_EXERCISE INPUT_
++++++++
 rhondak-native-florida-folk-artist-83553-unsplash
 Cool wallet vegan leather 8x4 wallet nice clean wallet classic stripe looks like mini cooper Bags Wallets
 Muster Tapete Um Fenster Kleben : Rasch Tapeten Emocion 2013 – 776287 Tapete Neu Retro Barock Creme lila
++++++++
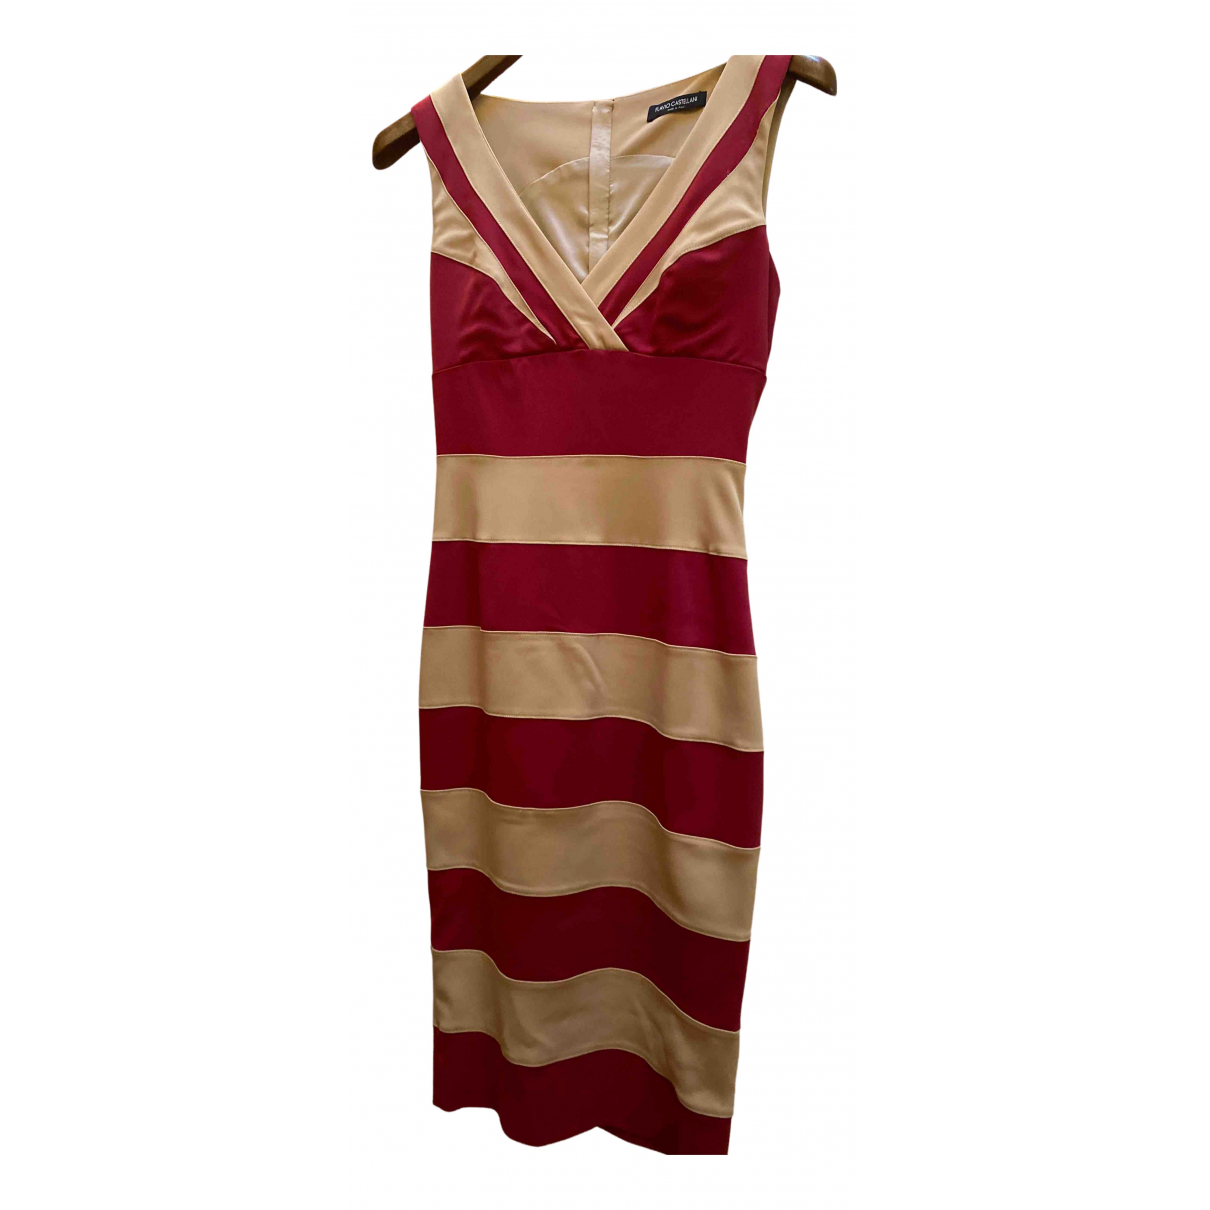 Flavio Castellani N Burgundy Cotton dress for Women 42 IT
++++++++
_WHAT YOU SHOULD DO_
Reproduce exactly the lines of the records above from the one with "Cool wallet vegan" to the one with "Muster Tapete Um", both included, and leave out everything else.

_TASK OUTPUT_
 Cool wallet vegan leather 8x4 wallet nice clean wallet classic stripe looks like mini cooper Bags Wallets
 Muster Tapete Um Fenster Kleben : Rasch Tapeten Emocion 2013 – 776287 Tapete Neu Retro Barock Creme lila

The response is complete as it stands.